## PROVIDED MATERIAL
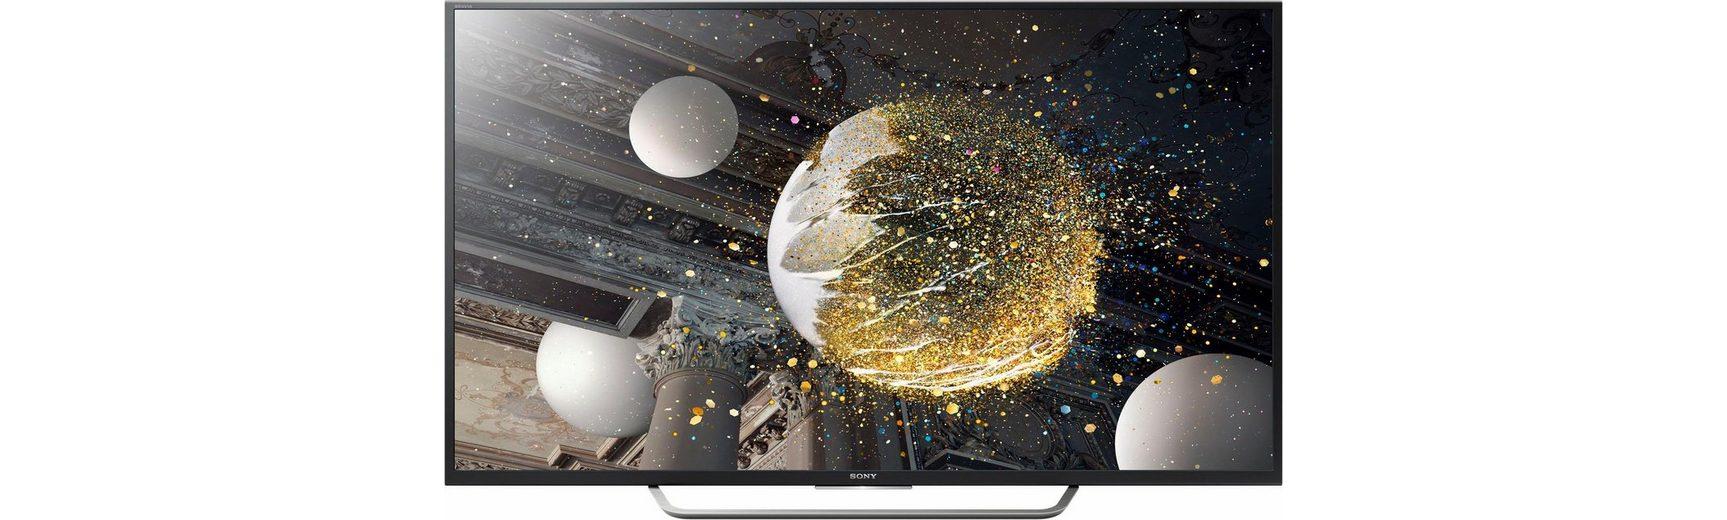 Sony KD-65XD7505, LED Fernseher, 164 cm (65 Zoll), 2160p (4K Ultra HD), HDR, Smart-TV
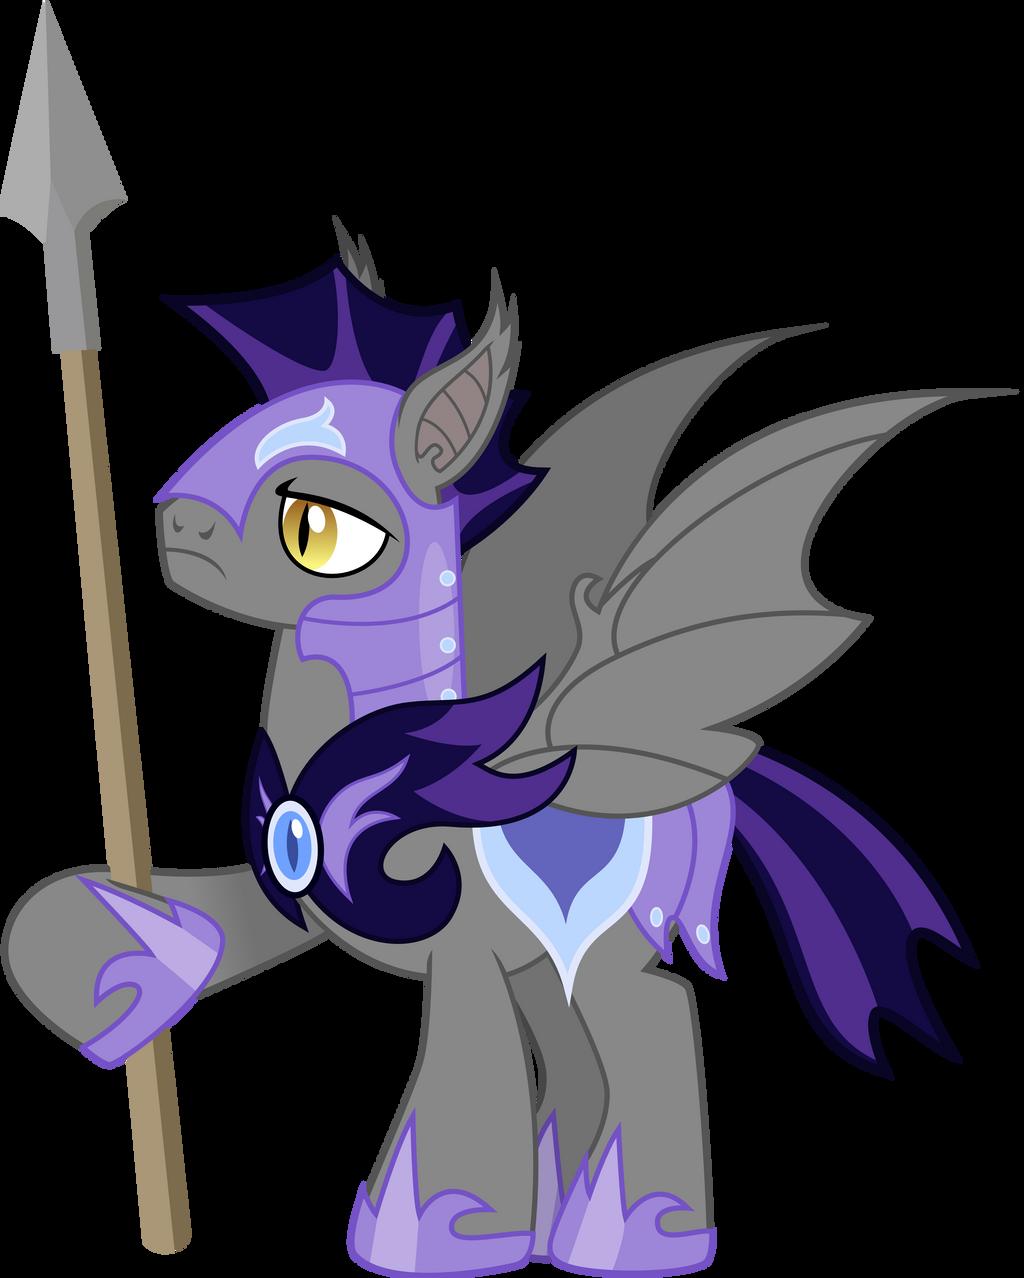 Lunar Bat Guard By Theshadowstone On Deviantart
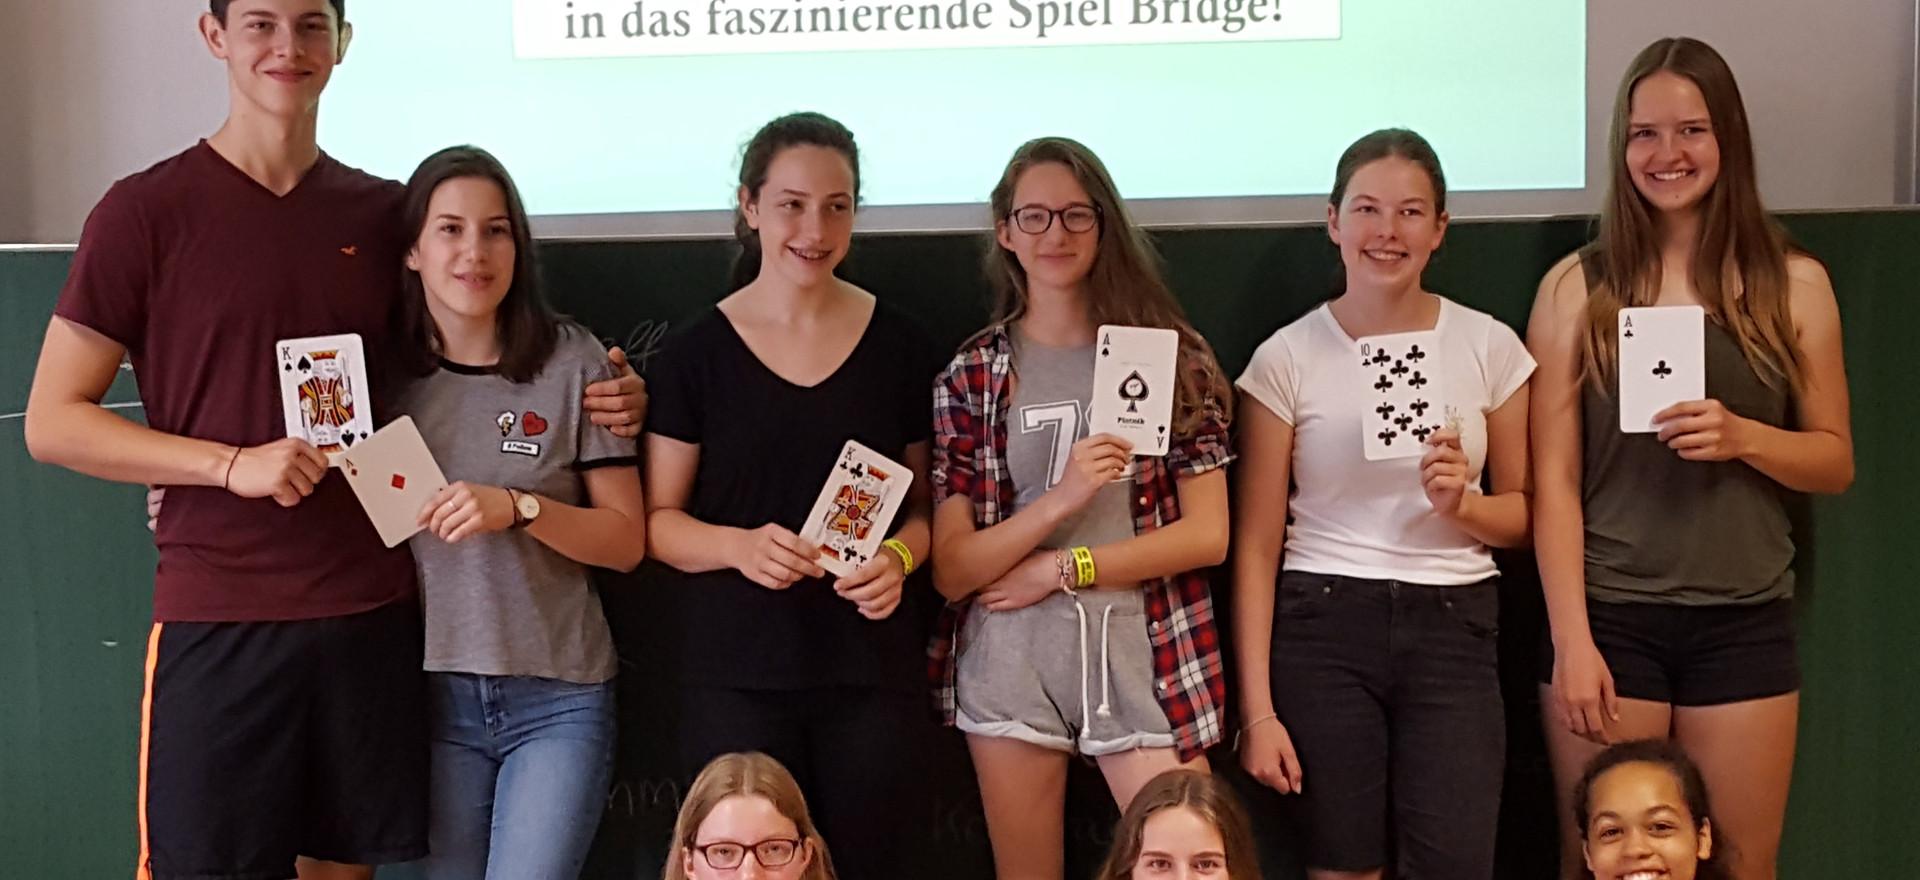 Bridgeprojekt am Kant-Gymnasium 2018
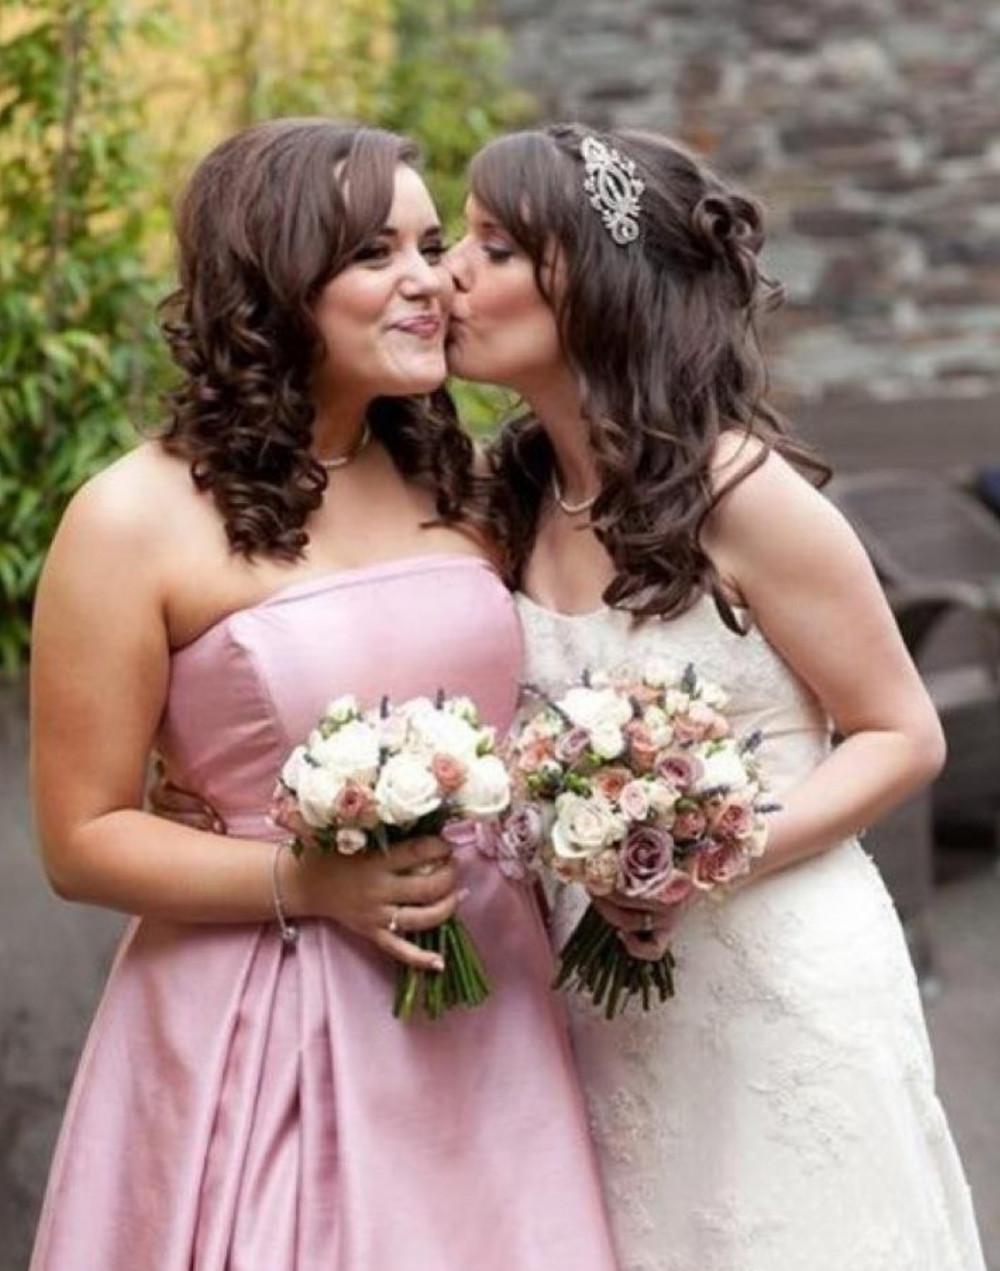 Makeup for bride Jayde and bridesmaid Jazmine ❤️❤️ - Make Me Bridal Artist: Chloe Dixon. #classic #bridalmakeup #pretty

## WORK TASK
None of the pictures should appear, though every line of the data above must be reproduced exactly.

## TASK RESULT
 Sony KD-65XD7505, LED Fernseher, 164 cm (65 Zoll), 2160p (4K Ultra HD), HDR, Smart-TV
 Lunar Bat Guard By Theshadowstone On Deviantart
 Bridgeprojekt am Kant-Gymnasium 2018
 Makeup for bride Jayde and bridesmaid Jazmine ❤️❤️ - Make Me Bridal Artist: Chloe Dixon. #classic #bridalmakeup #pretty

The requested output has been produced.